As time marched on, unfortunately so did the dementia, weakness and mini strokes, leaving her unable to convey her thoughts. She tried and we tried but, unable to make herself understood, this kind, friendly person gradually withdrew. In unexpected moments, in her anger, she didn’t seem herself. But think of the deep frustration of being unable to make oneself understood!
Mom declined for years. We could no longer take her for a drive, she became bedbound and stopped eating. We prepared for the end and said our loving goodbyes. But after some days she began to eat again, even though unable to feed herself, needing bed baths and skin care. Sometimes she’d stare off into space. Other times she’d say her father (who passed in 1989) was there. At one point she seemed to go “out” for a bit and was sad to return to her confined existence. But more months went by and she just grew weaker day by day.She’s been at the end of life for over six years. This brings mixed feelings that there is seemingly no end, yet grief that soon she will be gone.

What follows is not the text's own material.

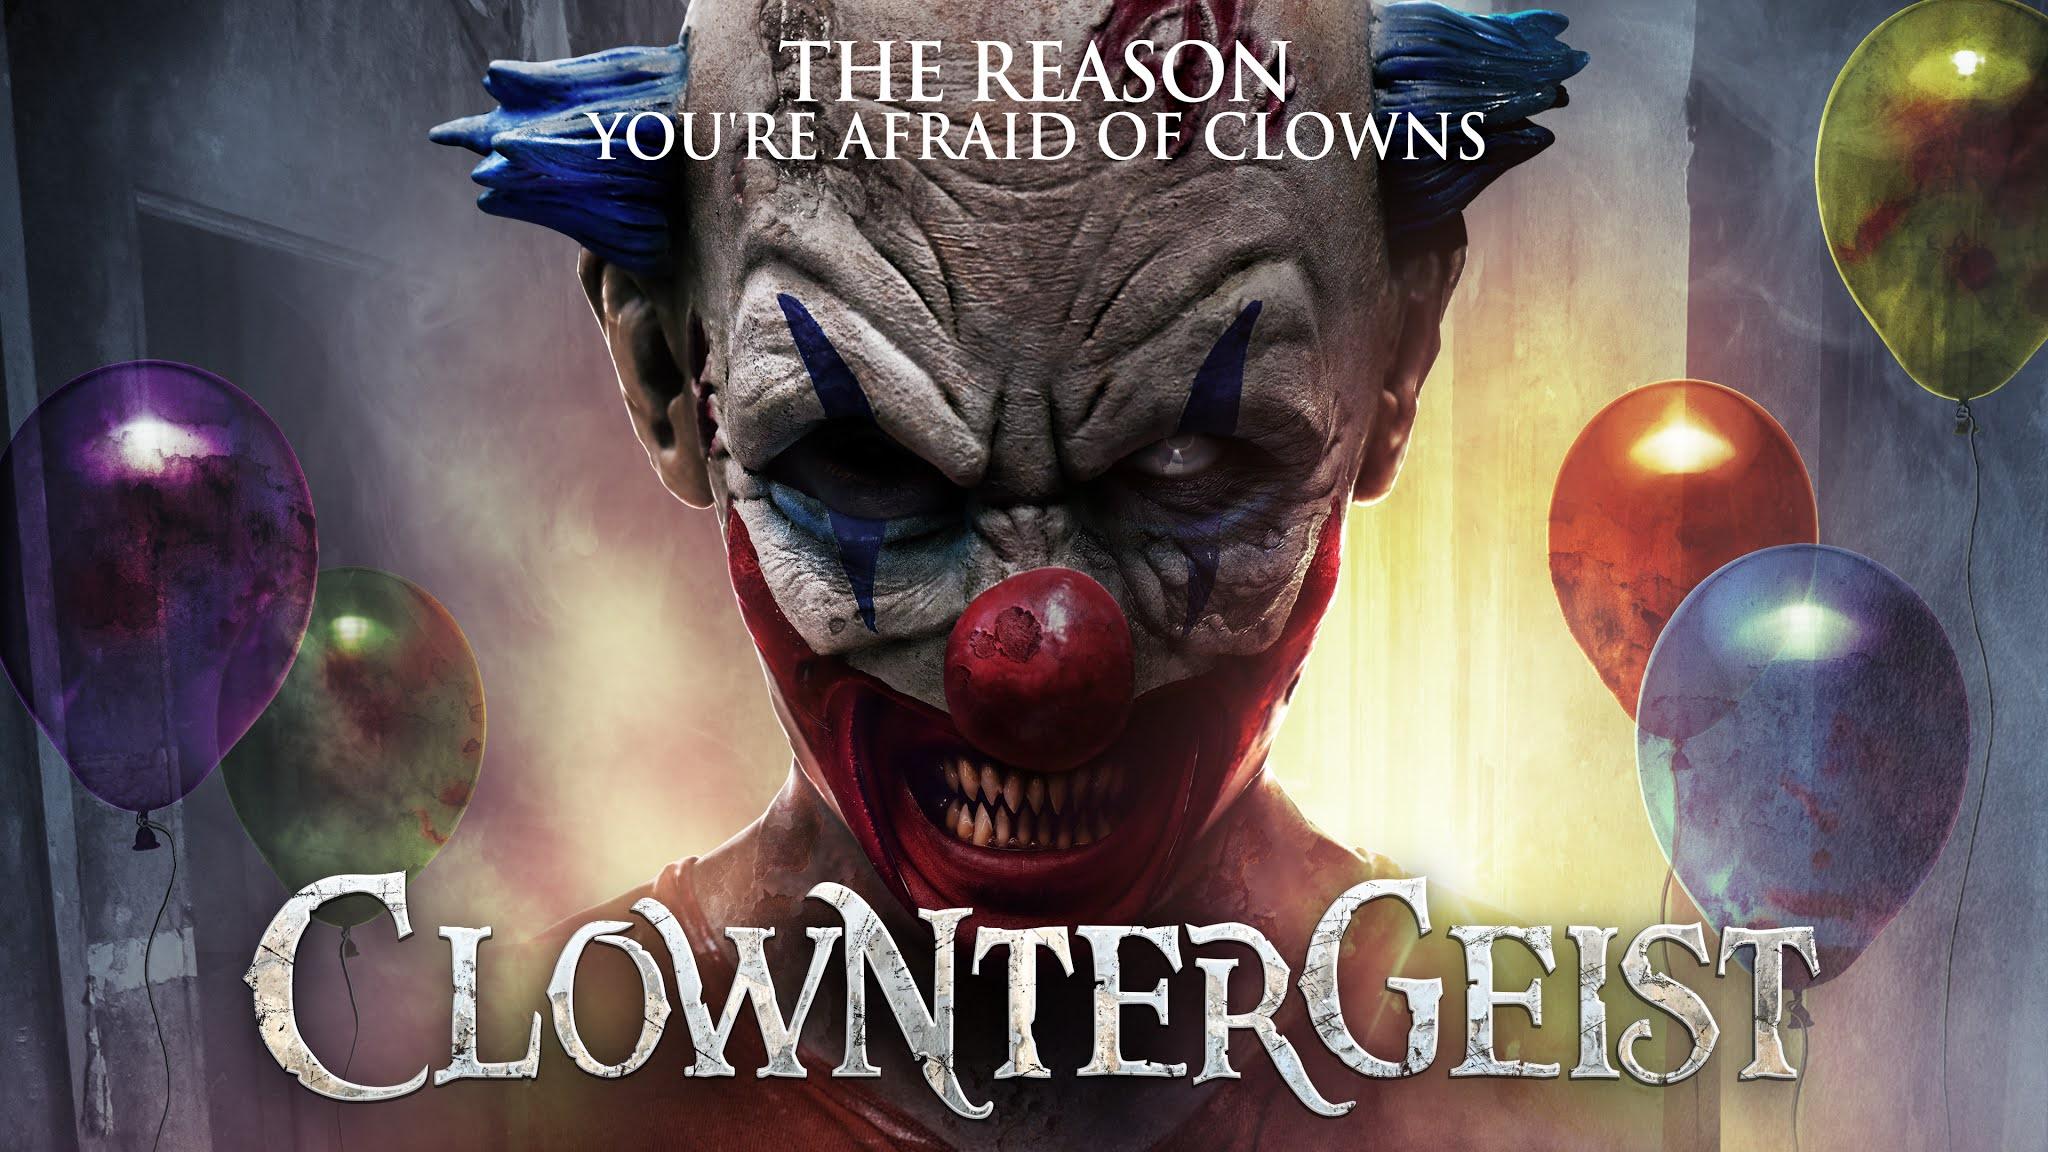 Clowntergeist (2017) WEBDL Subtitle Indonesia

Without our Lemurian Philosophy, this would be an almost intolerable situation. But we have practiced finding the good in every circumstance, even seemingly hopeless ones. It’s always there somewhere! And we’ve used this time wisely. My mother has her affairs in order, and we have talked about transition, our love for one another.

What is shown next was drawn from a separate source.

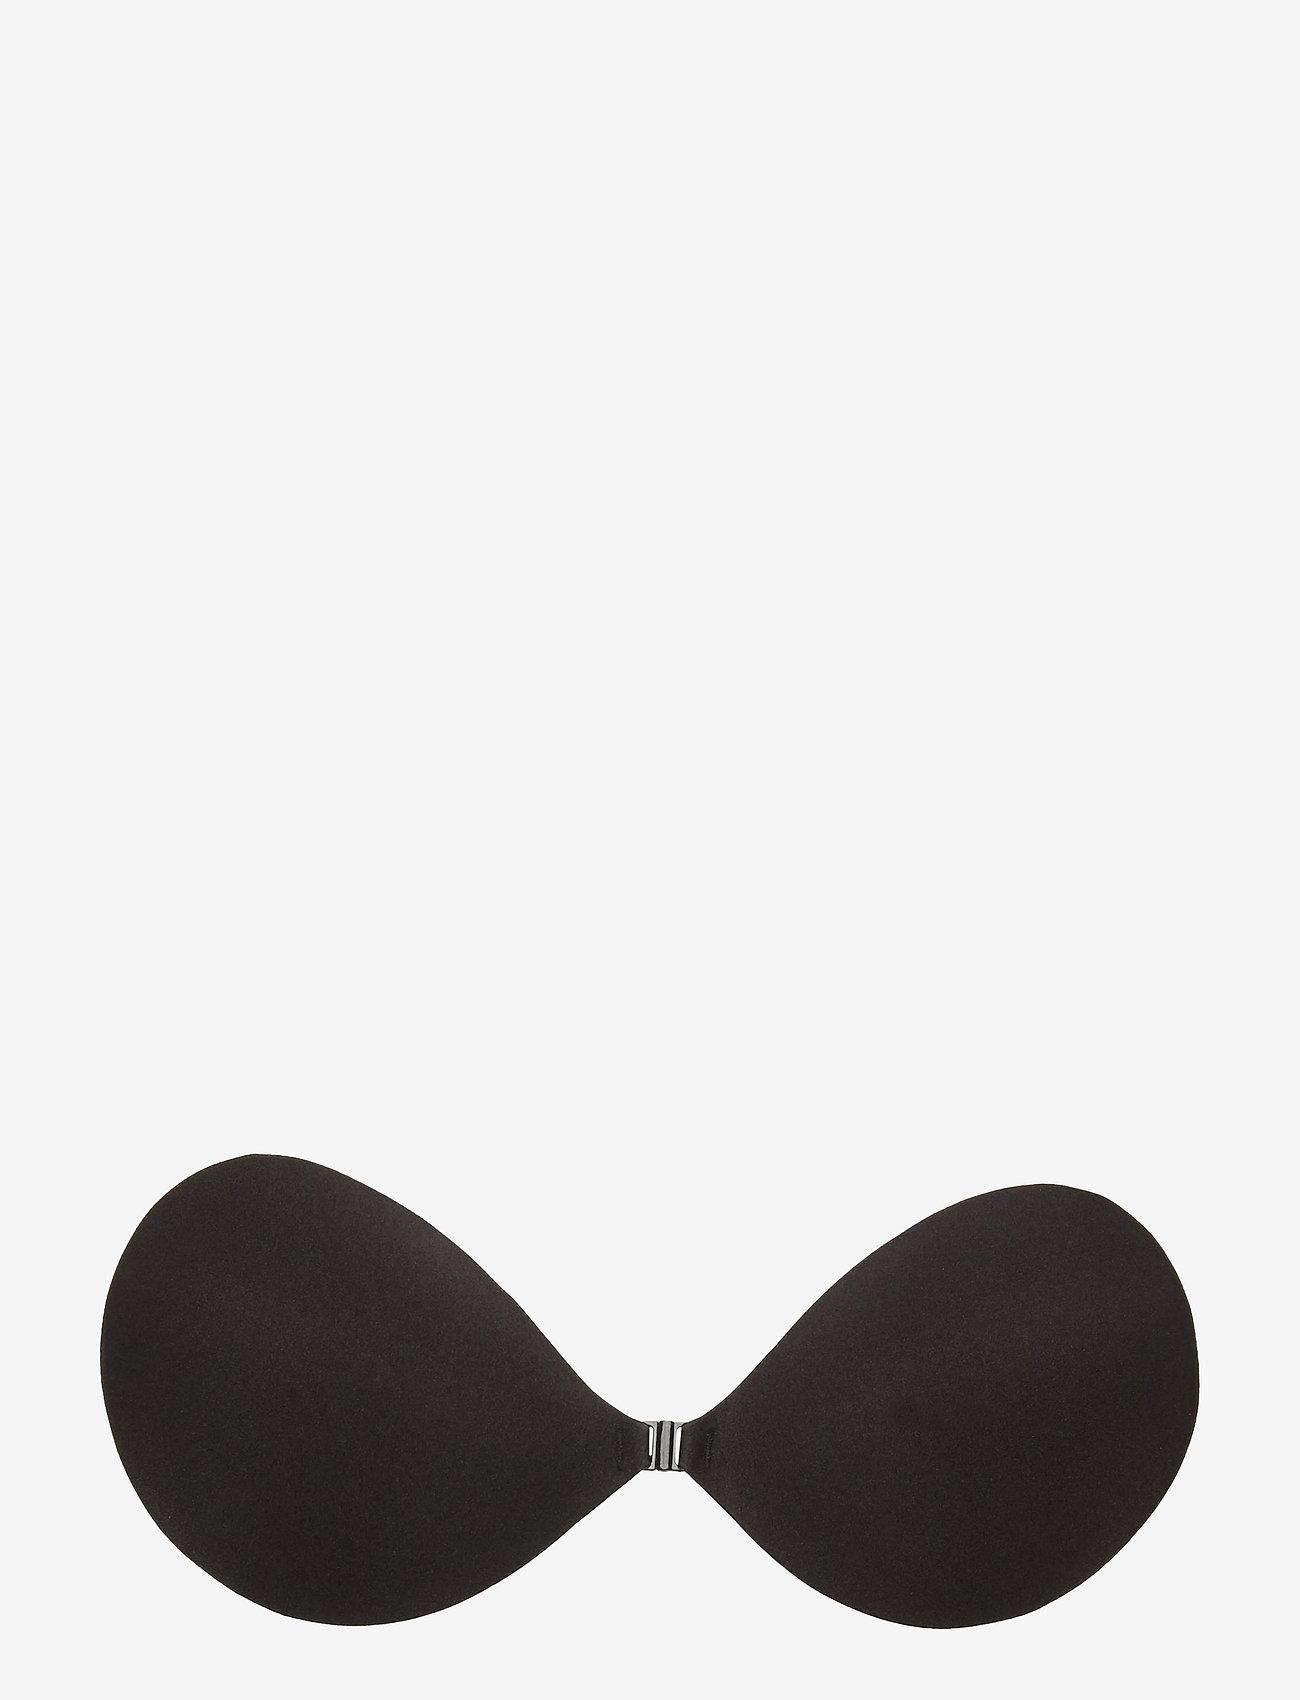 Hunkemöller - Stick on bra - bra accessories - black - 0

Our understanding of reincarnation is a great comfort. We may feel so close to this person not only because she is our mother in this incarnation, but we may have lived other lives together too. And we know this life is not the end but only one chapter in a large book of our experiences on earth. In comparison to the lives we have already lived and the many ahead of us, this one is a passing moment and its difficult times will soon pass.
We also know we each have a purpose to fulfill that we decided upon before this lifetime and until that is completed, we are not ready to leave this life. Is that why mom still holds on? Some karma from another lifetime she wants to work through now to free her for a more uplifting next lifetime? Isn’t this her life alone –– between her and God? We may die with family all around us, but death is still a very personal moment. Yet as Lemurians we know that loved ones who passed before, and Egos of higher advancement, are there to take our outstretched hand as we let go of the earthly ties and return to a familiar astral home. We’ve all been through transition many times before. We can know our loved one is okay, at peace and in good hands.
It’s difficult to live through the long goodbye. We probably won’t know when the end is near. It has seemed near so many times and she bounces back. But we do know we’ve said all we wanted to be sure we’d said. We no longer say goodbye. We just visit, hold her hand, tell her news we think she’ll understand, kiss her and trust she is well cared for and in God’s hands.
As Lemurians we are keenly aware of not wanting to intrude into the choices and life of another person. So our prayers are for his or her greatest good, not for specific outcomes. But when we do pray in this way it is saying to God, “Thy will, not mine.” When it comes from our heart it truly brings a measure of peace.